◆ GIVEN DATA:

╭──

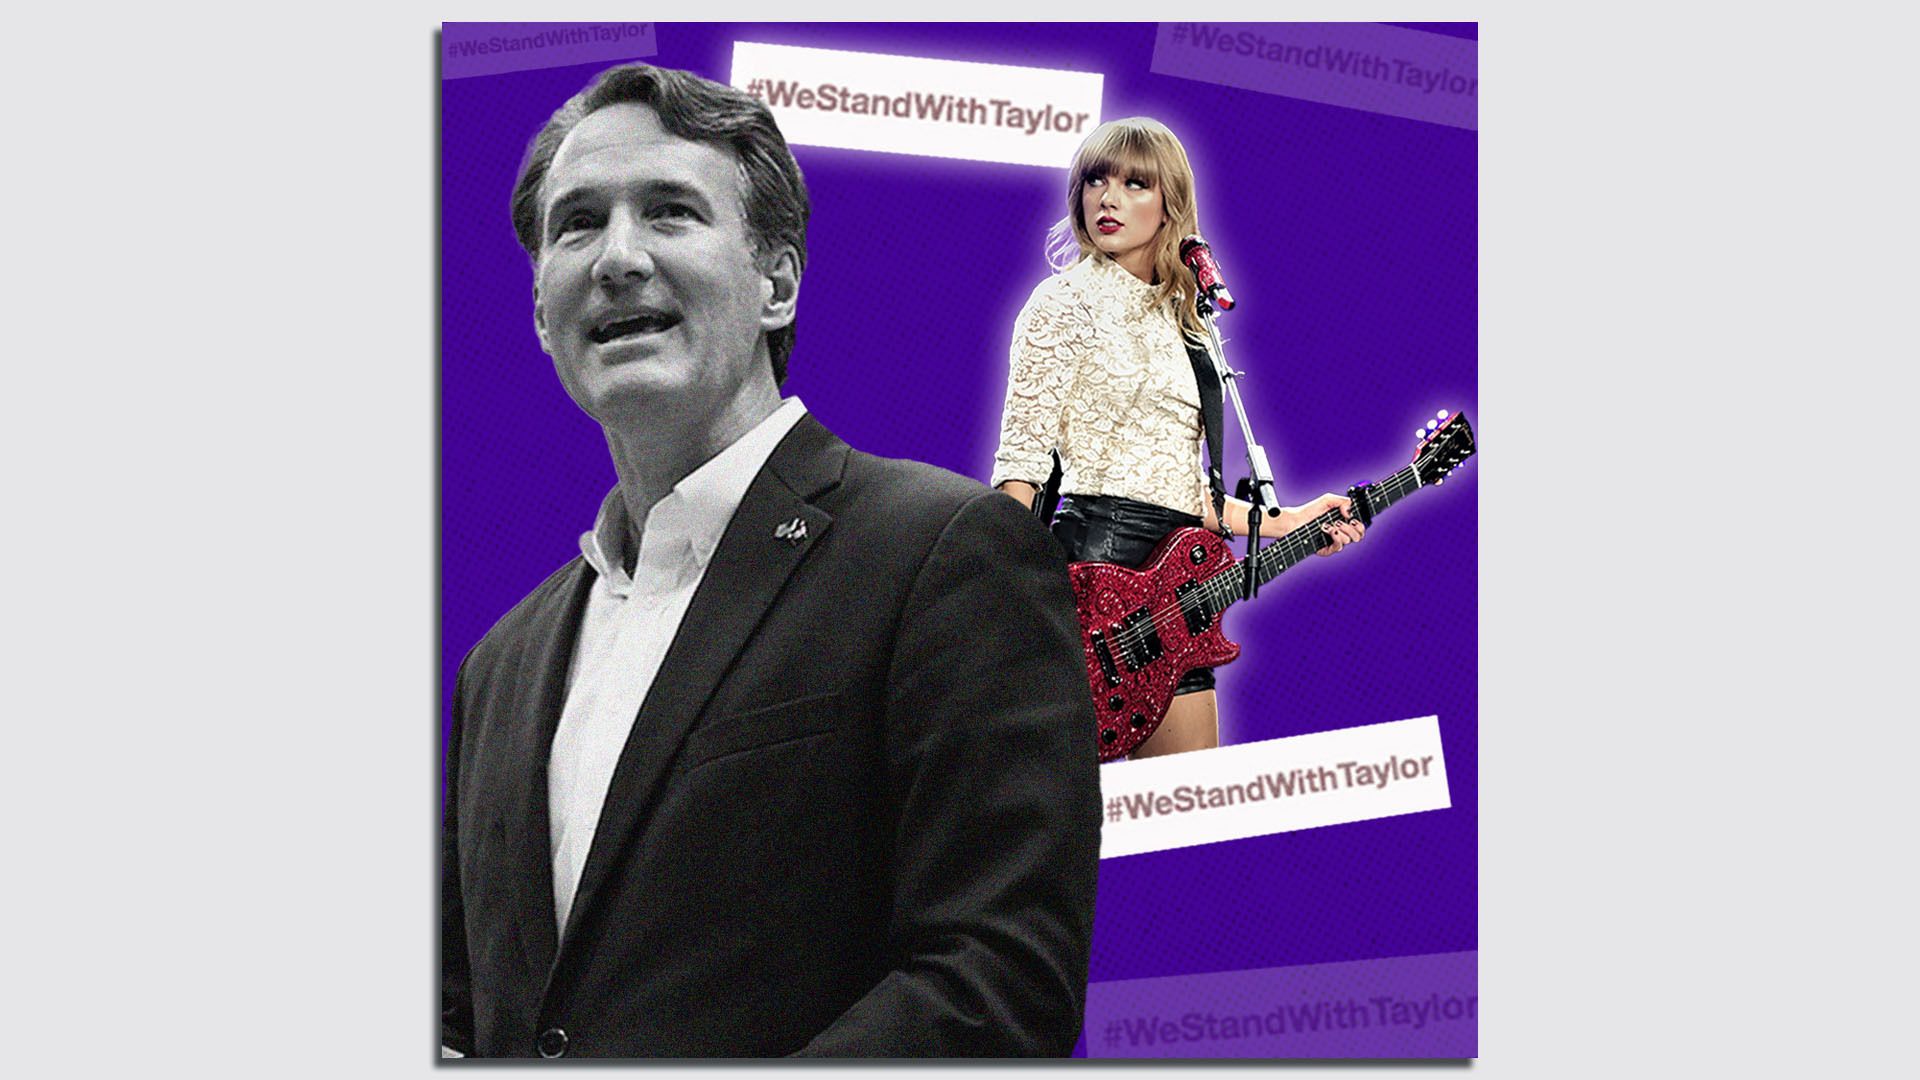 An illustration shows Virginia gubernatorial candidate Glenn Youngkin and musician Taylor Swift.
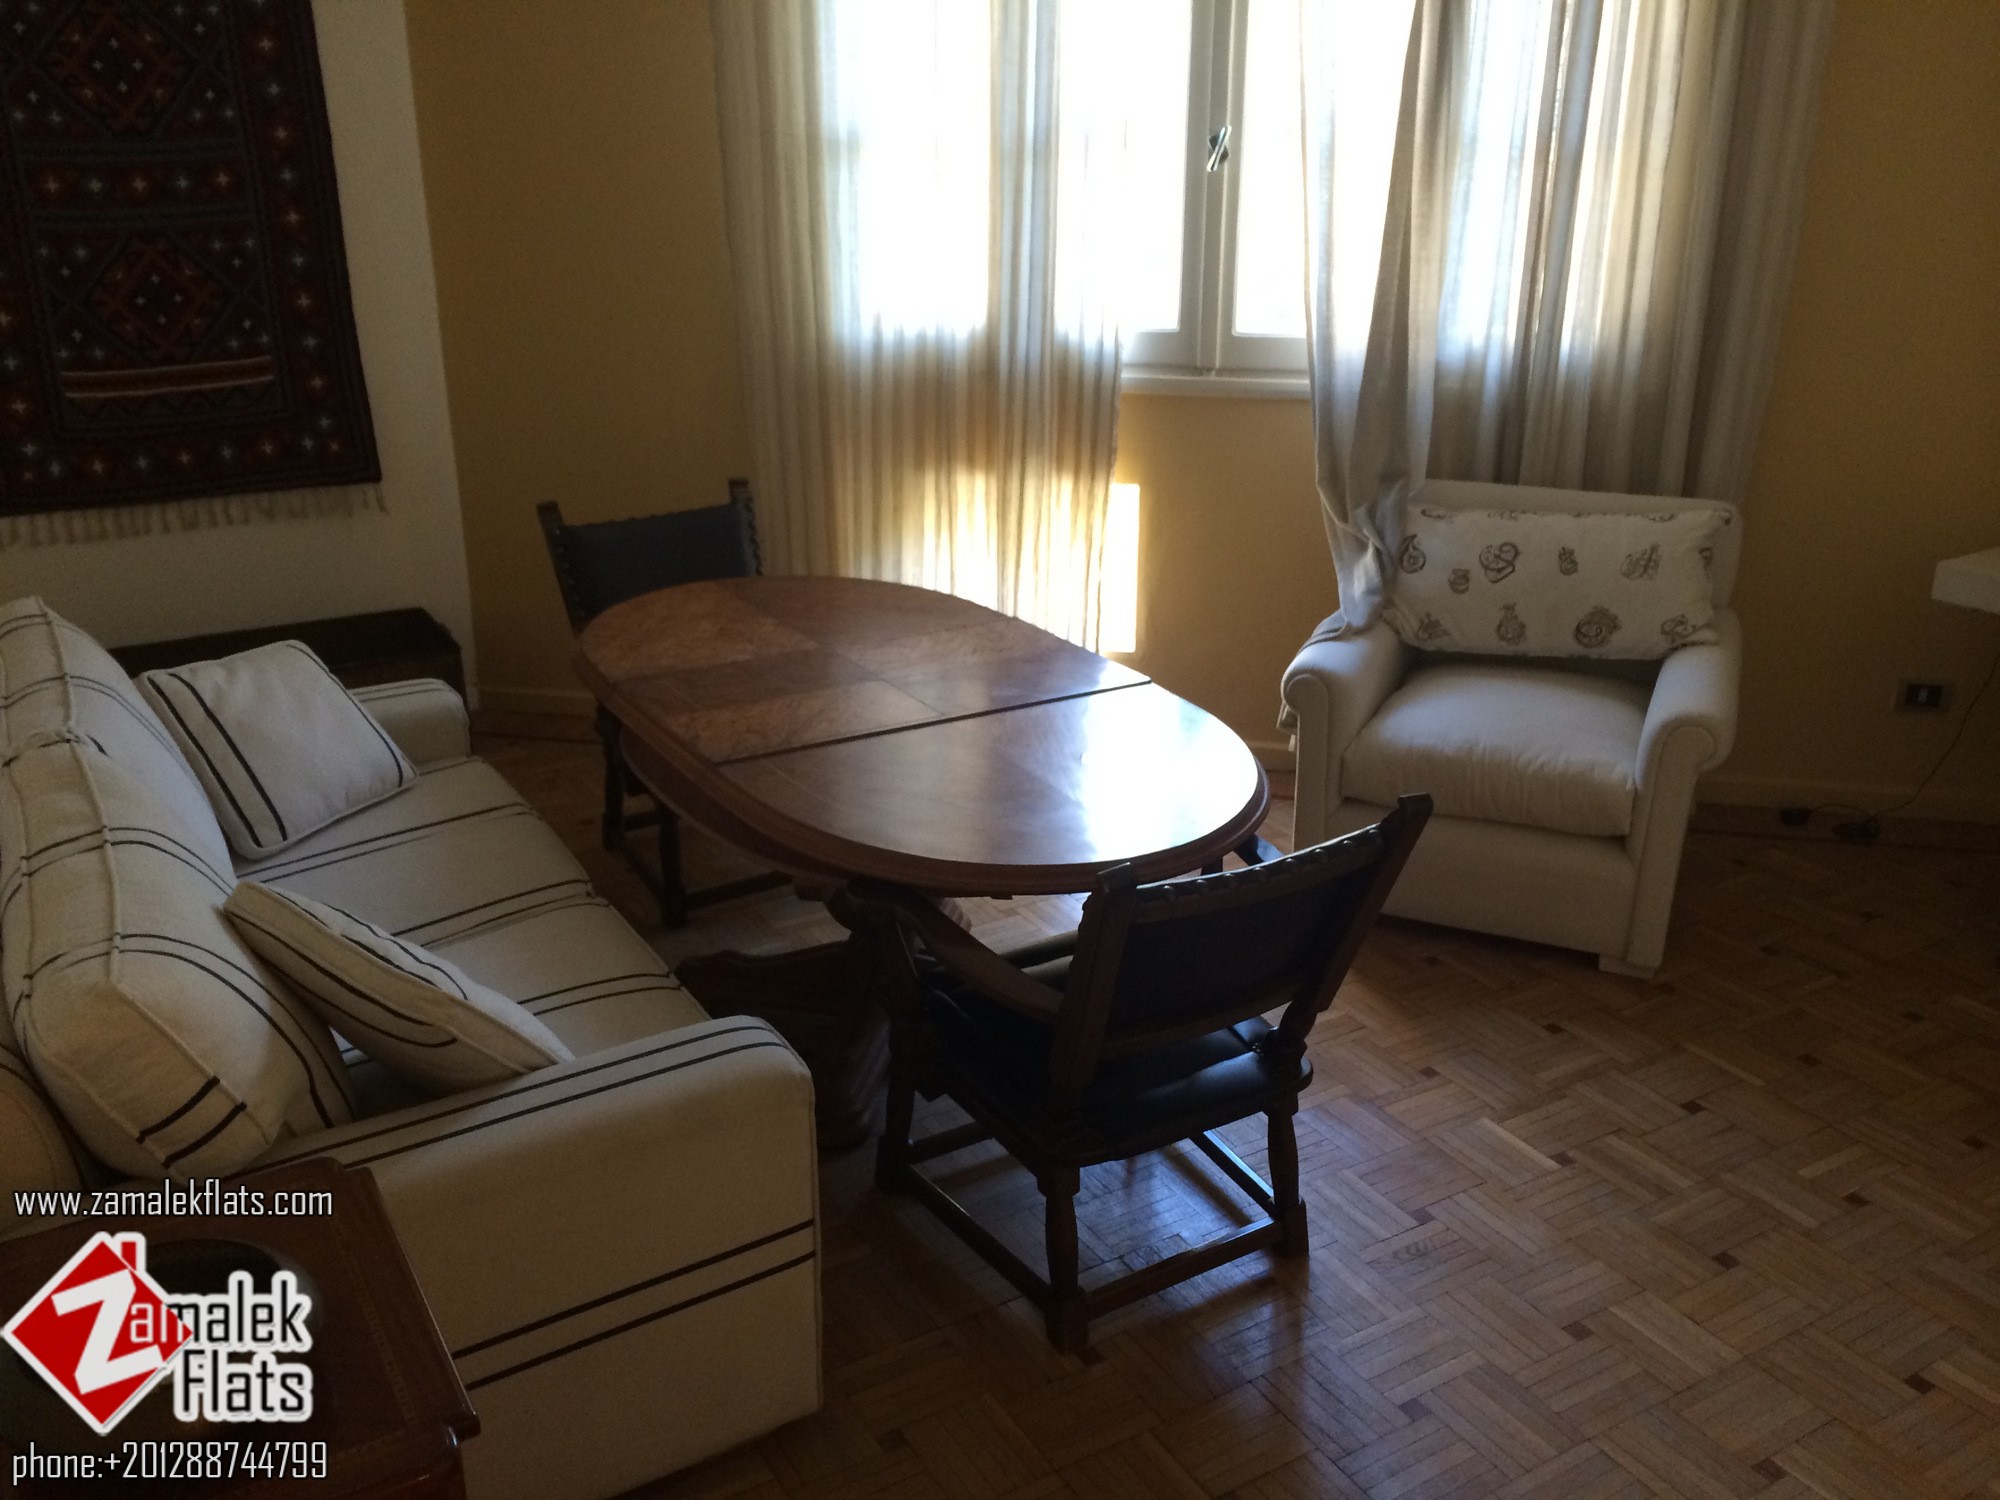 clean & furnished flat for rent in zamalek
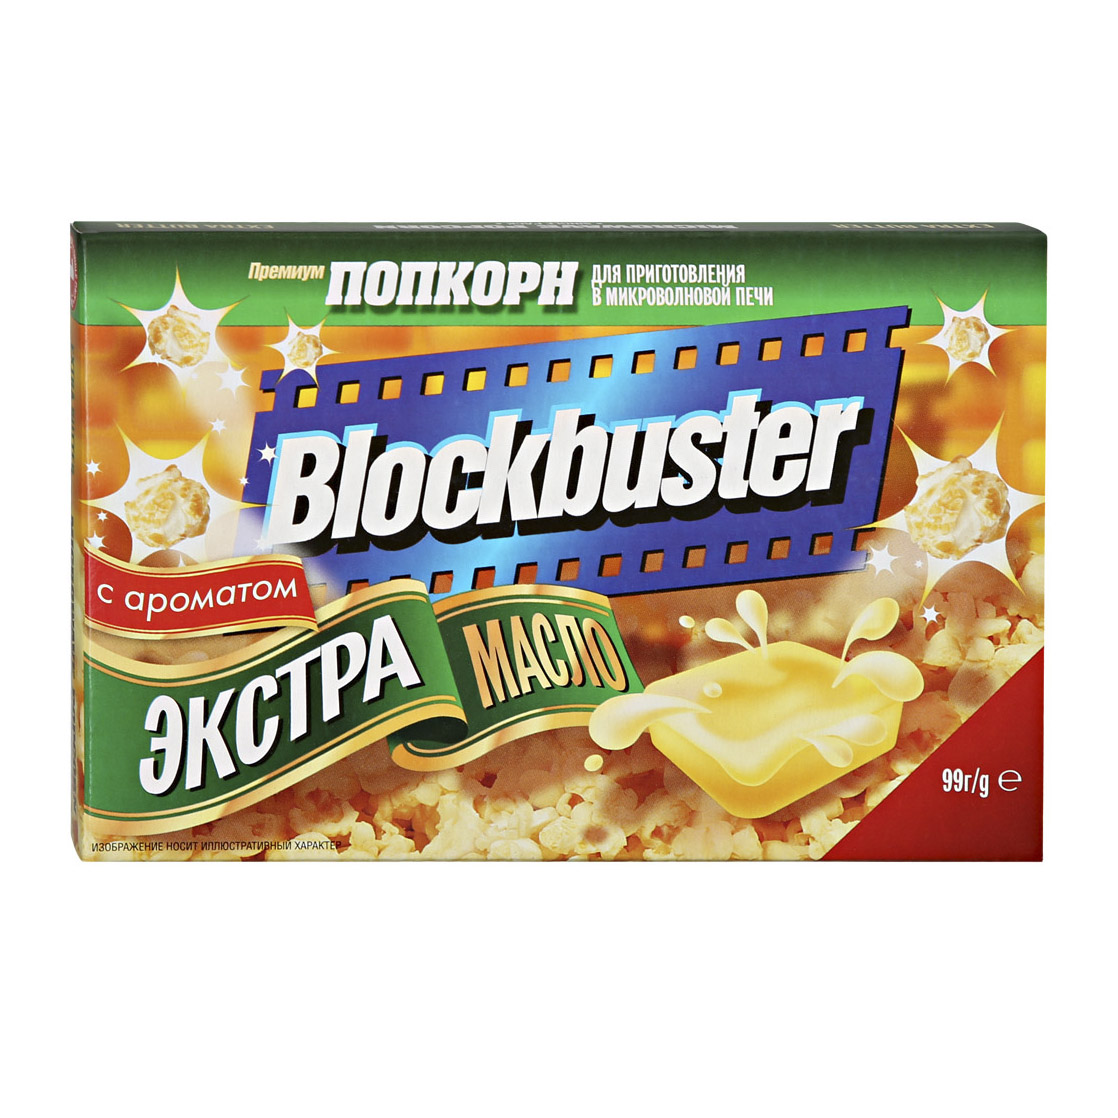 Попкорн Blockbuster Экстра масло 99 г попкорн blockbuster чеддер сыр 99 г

╰──

◆ WHAT TO PRODUCE: Write out the material above exactly, and omit the pictures it holds.

◆ SOLUTION TO THE EXERCISE:
 An illustration shows Virginia gubernatorial candidate Glenn Youngkin and musician Taylor Swift.
 clean & furnished flat for rent in zamalek
 Попкорн Blockbuster Экстра масло 99 г попкорн blockbuster чеддер сыр 99 г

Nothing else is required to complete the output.